LEARNING FROM MULTISCALE WAVELET SUPERPIX-ELS USING GNN WITH SPATIALLY HETEROGENEOUS POOLING

Abstract

Neural networks have become the standard for image classification tasks. On one hand, convolutional neural networks (CNNs) achieve state-of-the-art performance by learning from a regular grid representation of images. On the other hand, graph neural networks (GNNs) have shown promise in learning image classification from an embedded superpixel graph. However, in the latter, studies have been restricted to SLIC superpixels, where 1) a single target number of superpixels is arbitrarily defined for an entire dataset irrespective of differences across images and 2) the superpixels in a given image are of similar size despite intrinsic multiscale structure. In this study, we investigate learning from a new principled representation in which individual images are represented by an image-specific number of multiscale superpixels. We propose WaveMesh, a wavelet-based superpixeling algorithm, where the number and sizes of superpixels in an image are systematically computed based on the image content. We also present WavePool, a spatially heterogeneous pooling scheme tailored to WaveMesh superpixels. We study the feasibility of learning from the WaveMesh superpixel representation using SplineCNN, a state-of-the-art network for image graph classification.
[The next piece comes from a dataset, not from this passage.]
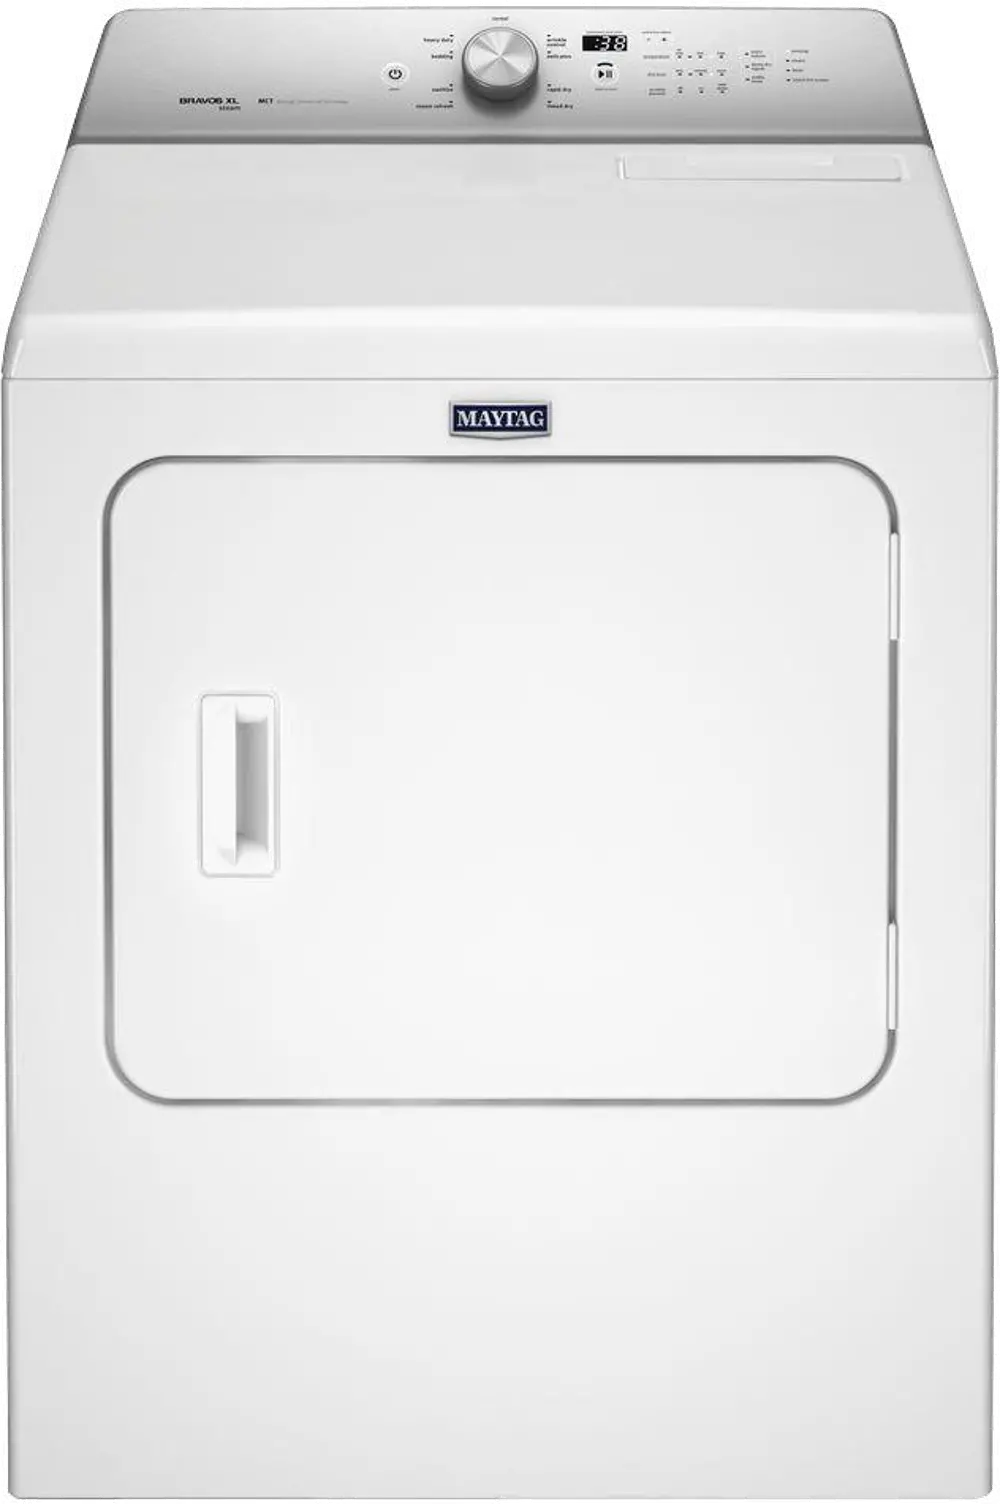 MEDB755DW Maytag 7.0 cu. ft. Electric Dryer - White-1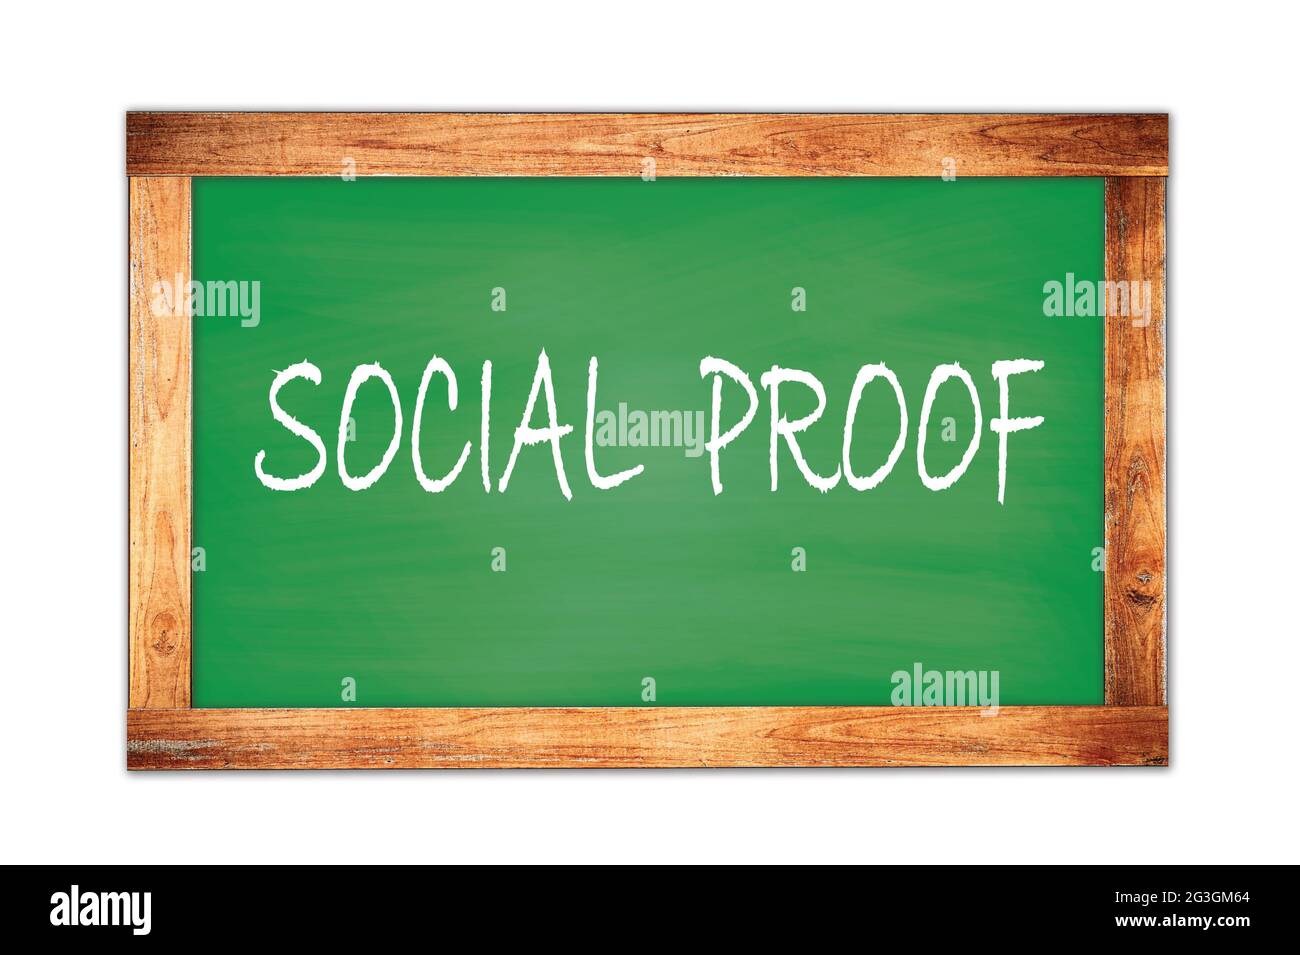 SOCIAL  PROOF text written on green wooden frame school blackboard. Stock Photo

We show that under the same network architecture and training settings, SplineCNN with original Graclus-based pooling learns from WaveMesh superpixels on-par with SLIC superpixels. Additionally, we observe that the best performance is achieved when replacing Graclus-based pooling with WavePool while using WaveMesh superpixels.

1. INTRODUCTION

Convolutional neural networks (CNNs) achieve state-of-the-art performance on a variety of image classification tasks from different domains (Tan & Le, 2019; Gulshan et al., 2016) . CNNs learn from a regular pixel-grid representation of the images. Although not all pixels provide equal amount of new information, by design the filters in the first layer of a CNN operate on each pixel from top-left to bottom-right in the same way. Additionally, images are typically resized to a prescribed size before feeding into a CNN. In applications that use standard CNN architectures or pre-trained models on a new image classification dataset, the images are typically uniformly downsampled to meet the input size requirements of the architecture being used. Uniform downsampling may be suboptimal as real data naturally exhibits spatial and multiscale heterogeneity. Few studies have explored the impact of input image resolution on model performance (Sabottke & Spieler, 2020), despite its recognized importance (Lakhani, 2020). Graph neural network (GNN) is a type of neural network that learns from graph structured data. Recent studies have shown the performance of GNNs on image graph classification tasks (Monti et al., 2017; Fey et al., 2018; Knyazev et al., 2019; Dwivedi et al., 2020) . In this task, a GNN learns to classify images from embedded graphs that represent superpixels in the images. However, prior studies have been restricted to SLIC superpixels (Achanta et al., 2012) . In this framework, a single target number of superpixels is arbitrarily defined for an entire dataset irrespective of differences across images, and the superpixels in a given image are of similar size despite intrinsic multiscale structure. Our proposed approach circumvents these limitations, as shown in Figure 1 .